Between the two agents comprising the patient’s treatment regimen, axitinib is more likely the culprit for the methemoglobinemia. Unlike pembrolizumab, axitinib has a short half-life of roughly 3–6 hours in vivo [14]. The patient’s markedly rapid clinical improvement upon holding axitinib supports our theory that it may have been the inciting factor in this patient’s methemoglobinemia. Additionally, axitinib can induce polycythemia and other RBC dysfunction in patients with ccRCC due to complex interactions between hypoxia inducible factor 1 alpha (HIF-1a), VEGF and EPO [15, 16]. In fact, some studies suggesting hemoglobin values could be used as biomarkers for axitinib treatment response [17]. The etiology of this patient’s methemoglobinemia is unclear at this time. However, there are a few plausible explanations for an increase in oxidizing agents that could have produced enough MetHb to become symptomatic. The partial regression noted in this patient’s metastatic lesions could have released large quantities of intracellular oxidizing components from the malignant cells as a result of a favorable response. The combination of cell lysis and T cell expansion may have led to a concomitant release of oxidizing agents that overwhelmed the RBC reducing enzymes. Additionally, while there is little evidence of axitinib or its metabolites acting as oxidizers, axitinib is metabolized by multiple cytochrome P450 enzymes which could form oxidizing agents in a similar mechanism to a dapsone-induced methemoglobinemia [14]. While the true cause of this adverse reaction is not currently known, it was likely a multifactorial event incited by an increase in oxidizing agents that overwhelmed the reducing capacity of this patient’s RBCs.
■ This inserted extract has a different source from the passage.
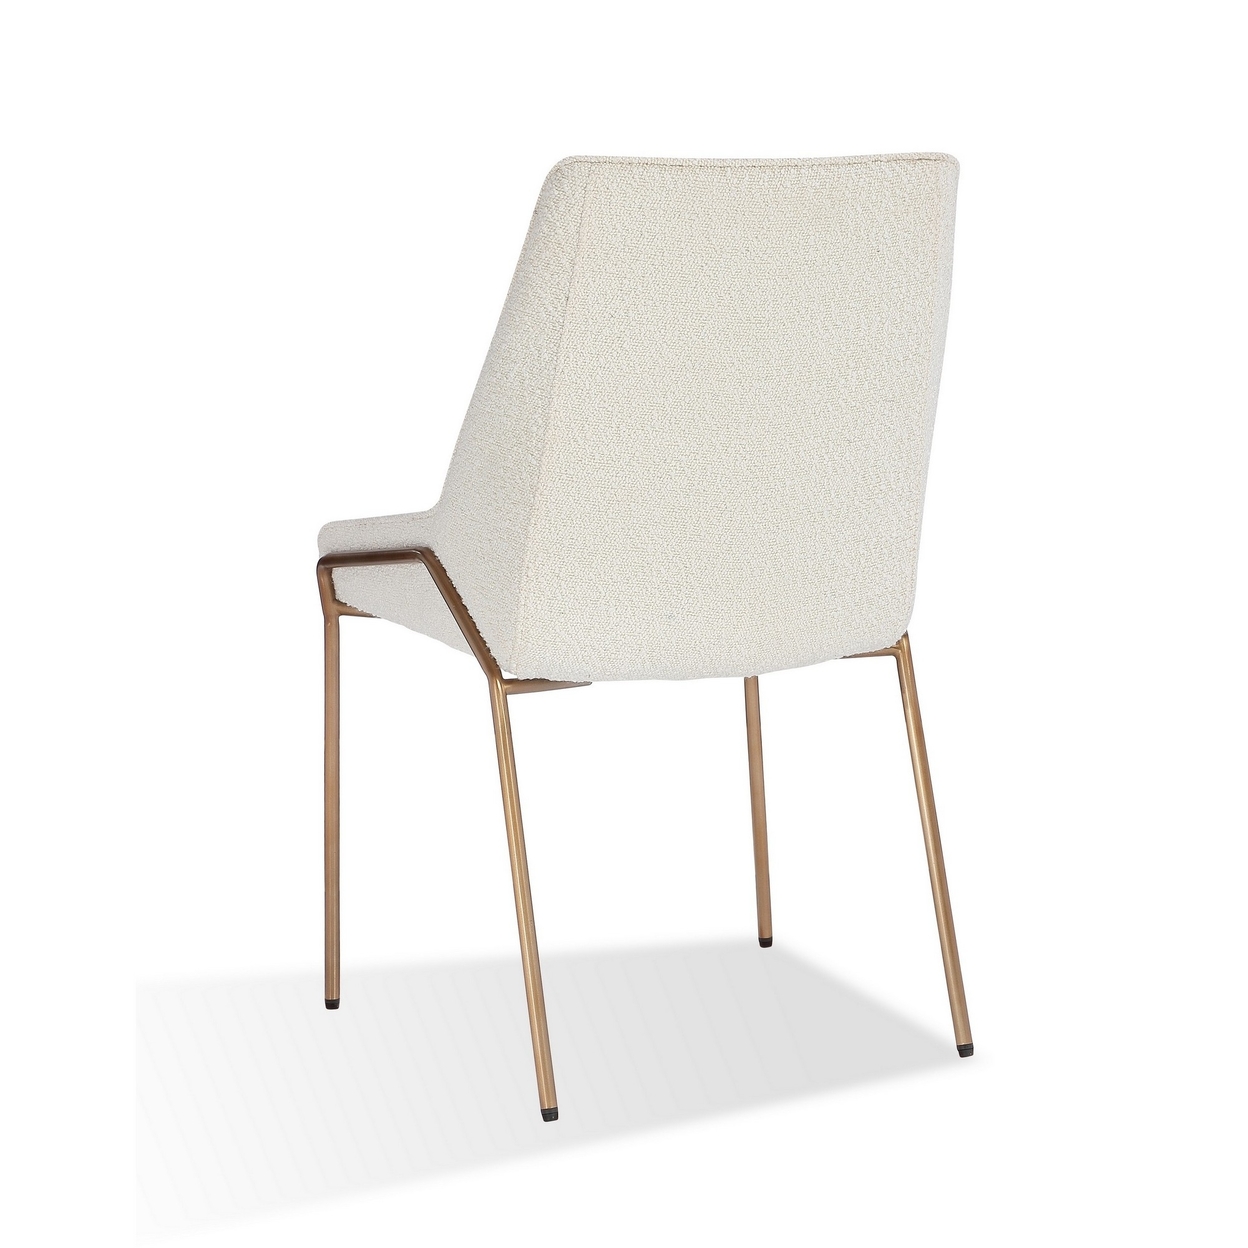 Rise 21 Inch Dining Chair, Boucle Upholstery, Tapered Legs, White, Bronze -Saltoro Sherpi

Combination immune therapy provides an exciting new treatment option for mRCC patients that combines the benefits of multiple potent therapies for an even greater treatment effect. These agents can provide clinical oncologists with additional treatment options for aggressive malignancies like mRCC. However, it is crucial that medical oncologists appreciate the benefits and costs these treatment regimens impose on patients. Adverse events, such as the one presented in this case report, can be life-threatening and have significant impacts on the patient’s prognosis and quality of life. Current trials utilizing PD-1 and VEGF-TKI combination therapy have presented promising results and FDA approval for patients with advanced RCC [8]. This case presents one such example of a RCC patient who experienced a rare but important adverse hematologic event. The novelty of this presentation is both a strength and a weakness in this case study. The resulting methemoglobinemia for this patient could have equally been involved with another underlying disease process as it could be a true side effect of VEGF-TKI and ICI combination therapy. Current clinical trials should make ongoing efforts to note these uncommon side effects to better appreciate the side-effect profile of these novel agents. Cases, such as this one, can hopefully assist practicing oncologists to recognize the rare and potentially severe side effect of methemoglobinemia in mRCC patients treated with ICI and VEGF-TKI combination therapy.